Supplied material

^^^^^^^^

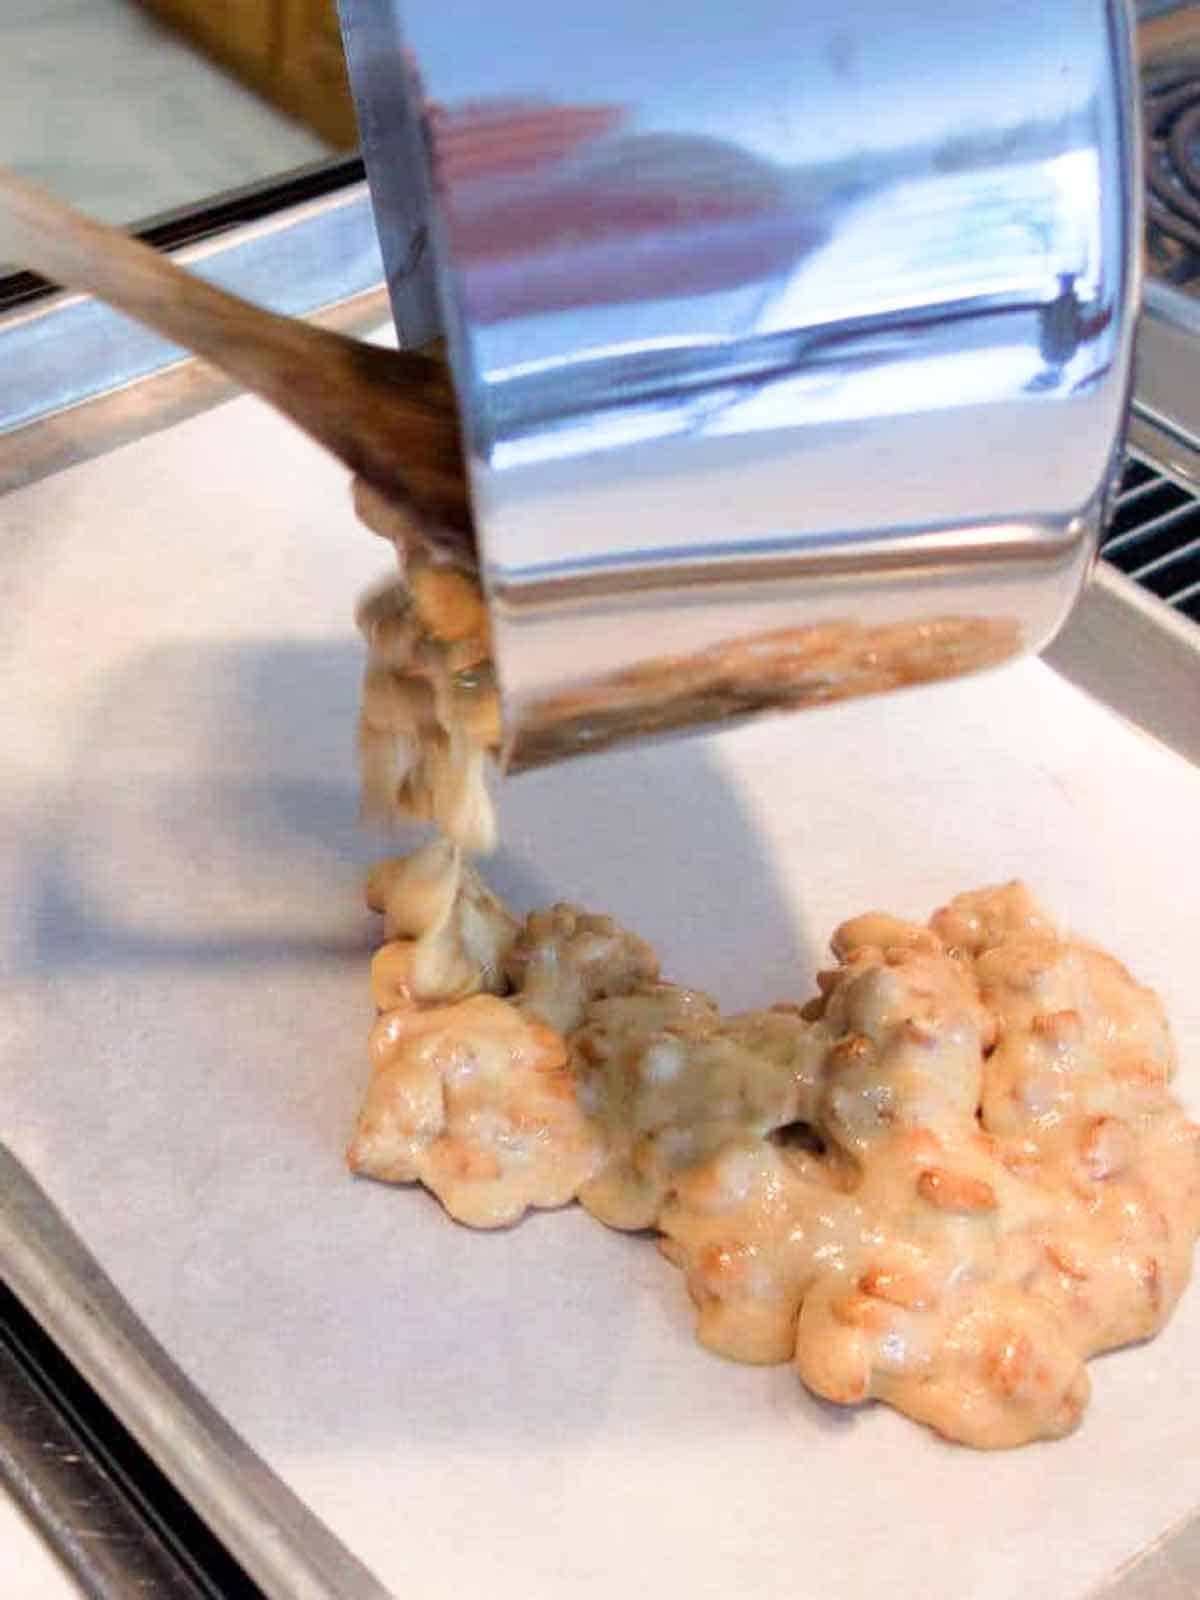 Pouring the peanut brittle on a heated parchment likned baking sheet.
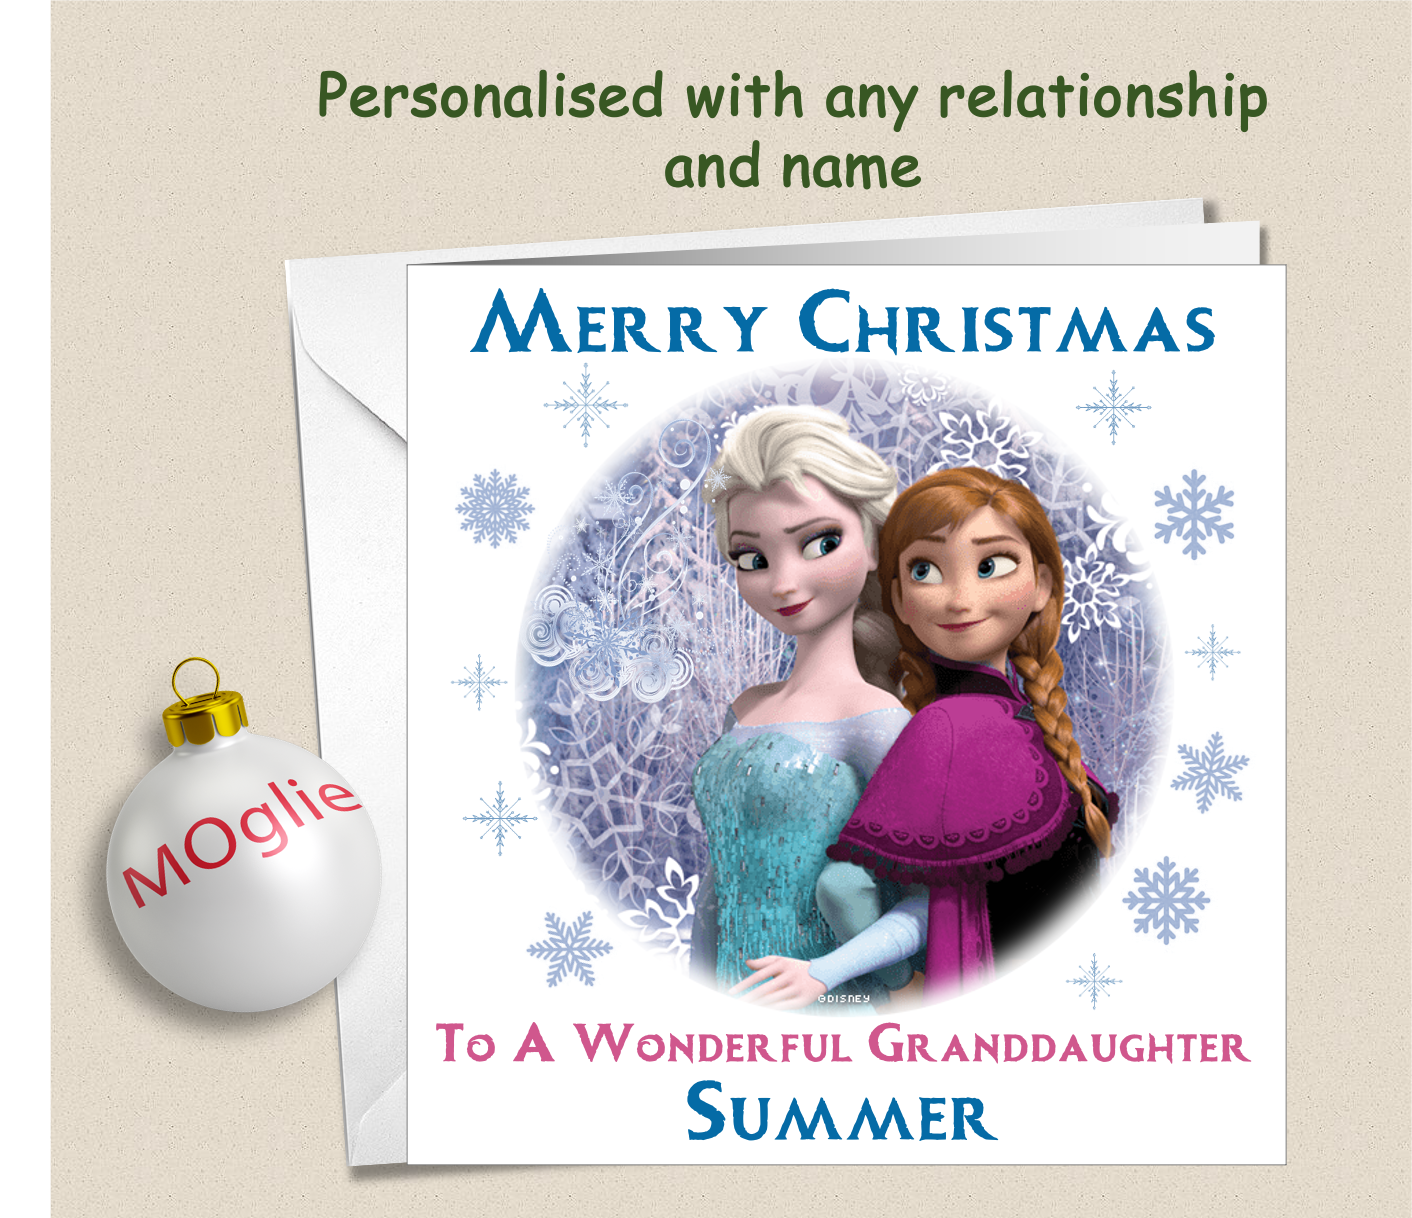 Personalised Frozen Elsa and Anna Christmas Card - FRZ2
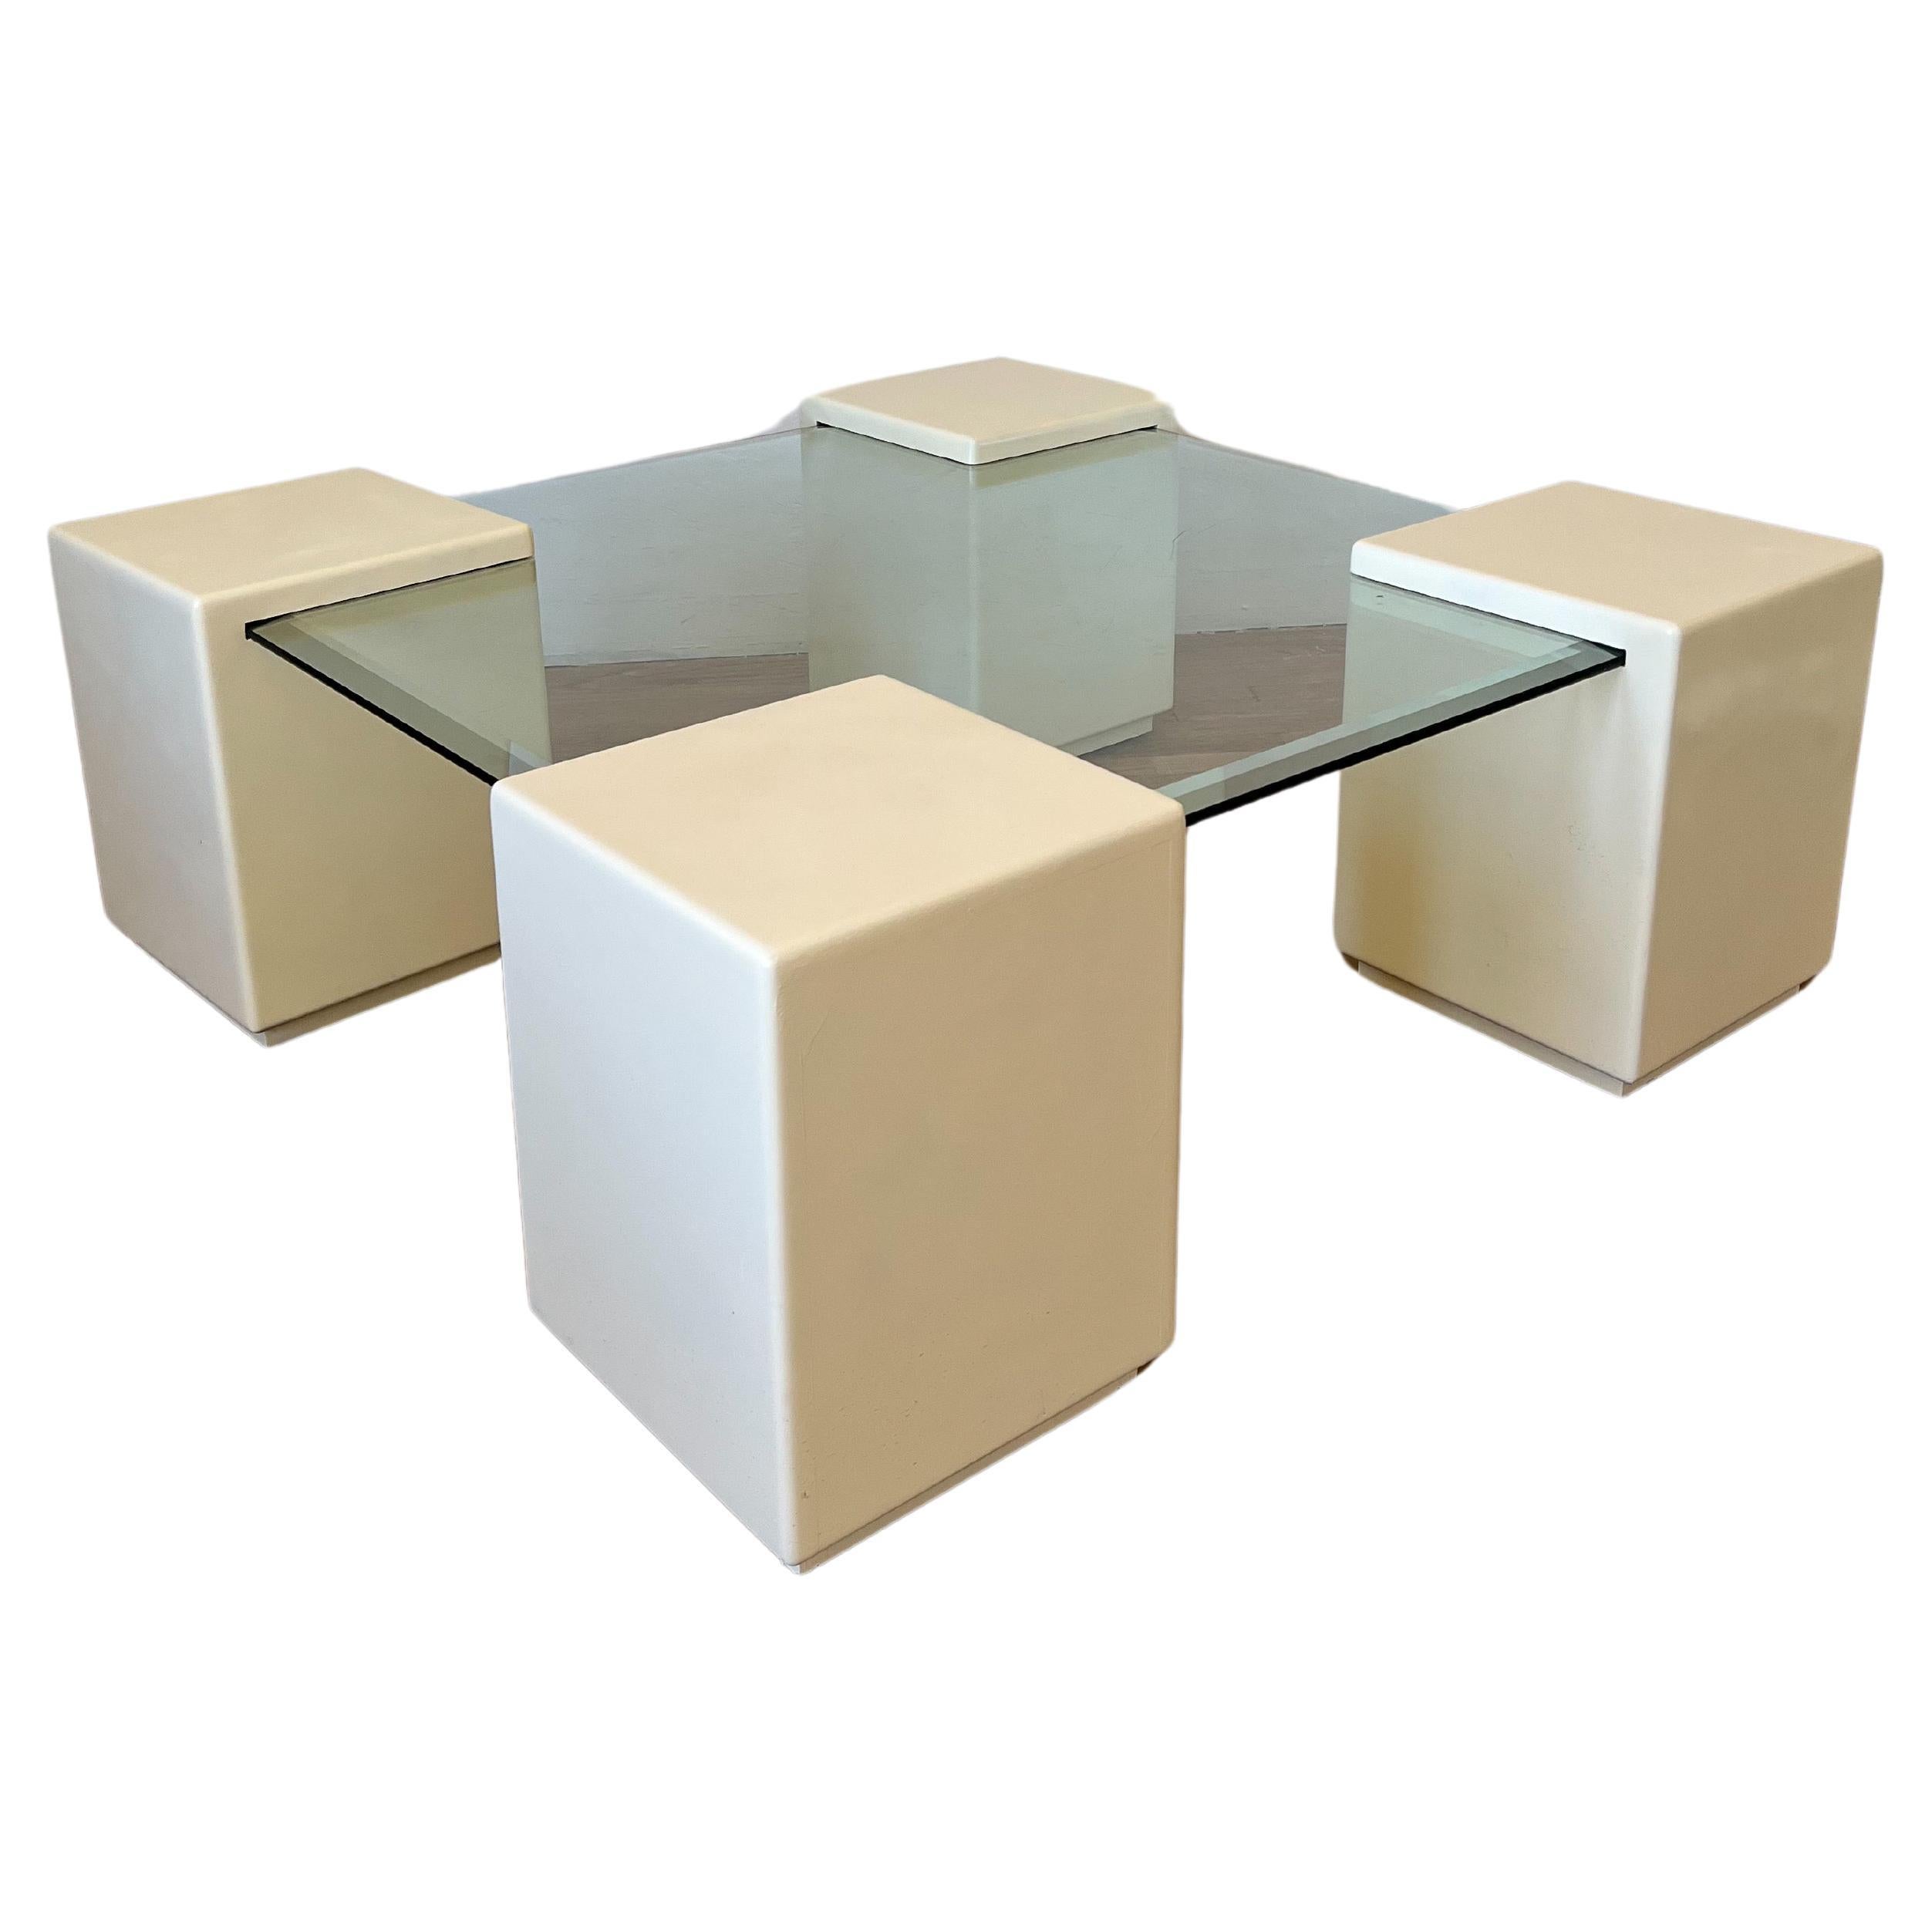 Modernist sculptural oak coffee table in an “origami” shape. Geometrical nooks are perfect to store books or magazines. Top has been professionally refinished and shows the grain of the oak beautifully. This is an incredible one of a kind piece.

^^^^^^^^

What the task asks
Would you set down each line of the listing above exactly, apart from the pictures?

Solved exercise
 Pouring the peanut brittle on a heated parchment likned baking sheet.
 Personalised Frozen Elsa and Anna Christmas Card - FRZ2
 Modernist sculptural oak coffee table in an “origami” shape. Geometrical nooks are perfect to store books or magazines. Top has been professionally refinished and shows the grain of the oak beautifully. This is an incredible one of a kind piece.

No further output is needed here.